Complex cultural processes at work

"There has been a lot of debate and discussion about cultural processes in whales and dolphins over the last ten years. To my mind, this study highlights how crucial these learning processes are for the animals to be able to spread new feeding behaviours – which we think are responses to ecological change – through their population. This goes some way to explaining why the humpback whale is a particularly successful animal in its ecosystem. We think cultural transmission plays a vital role in their success."

Humpback whales are famous for their distinctive song. Each breeding population has its own song, which is sung by the males in the group and which changes over time.

"Sometimes they will throw out their song and replace it with an entirely new one that they’ve heard from another population and liked, for some reason," Dr Rendell said. "That can only be explained by cultural transmission; by the whales learning the songs from each other. Our results build on that, creating an increasingly complex picture of the cultural processes at work in these populations."

The database employed in this research has proven extremely useful in understanding how social relationships develop over time in humpback whales. It has, for example, allowed people to track the relationship between social networks and relatedness in terms of vulnerability to particular environmental effects.

"There was a case where a group of whales ate mackerel that had been contaminated by a red tide and ended up dying," said Dr Rendell. "The whales turned out to be significantly more highly related than would be expected, so it looked like the preference for mackerel had been transmitted within the family.

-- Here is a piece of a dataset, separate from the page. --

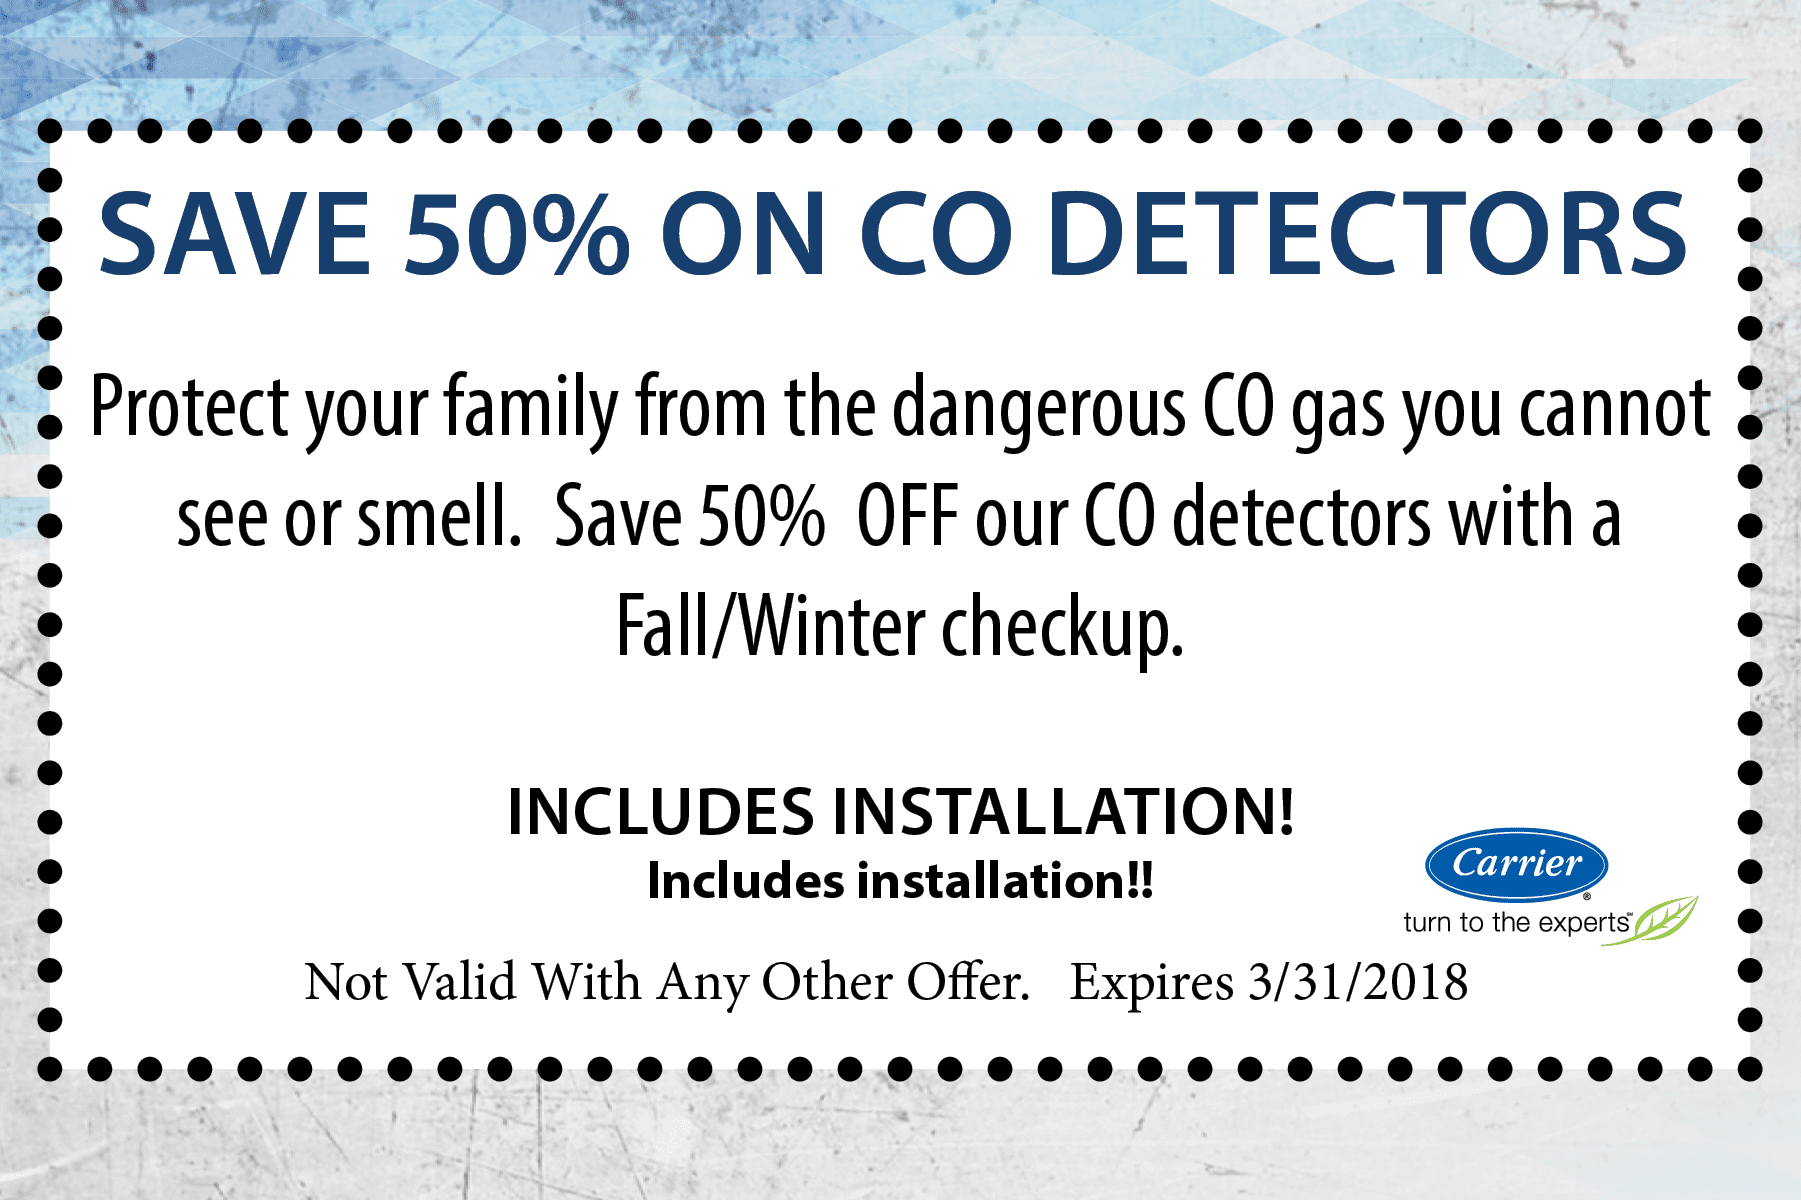 save 50% on co detector includes insatllation offer by carrier

"It’s an amazing testament to Mason [Weinrich]’s hard work over the last 30 years that this database exists. We hope it will continue to be used to gain insights into the social processes going on in humpback populations."

At the moment, Dr Rendell is seeking funding for further research into song evolution in humpbacks, and may also be involved in Jenny Allen’s PhD studies on the cultural transmission of song among Australian humpback whales.

"I have a grant under consideration with some computer musicians from Plymouth," Dr Rendell went on. "We would like to generate music with the kind of agent-based models that they use on a regular basis to see if we can reproduce what the humpbacks do with their song. This is in the hope of gaining insights into how the whales learn from each other."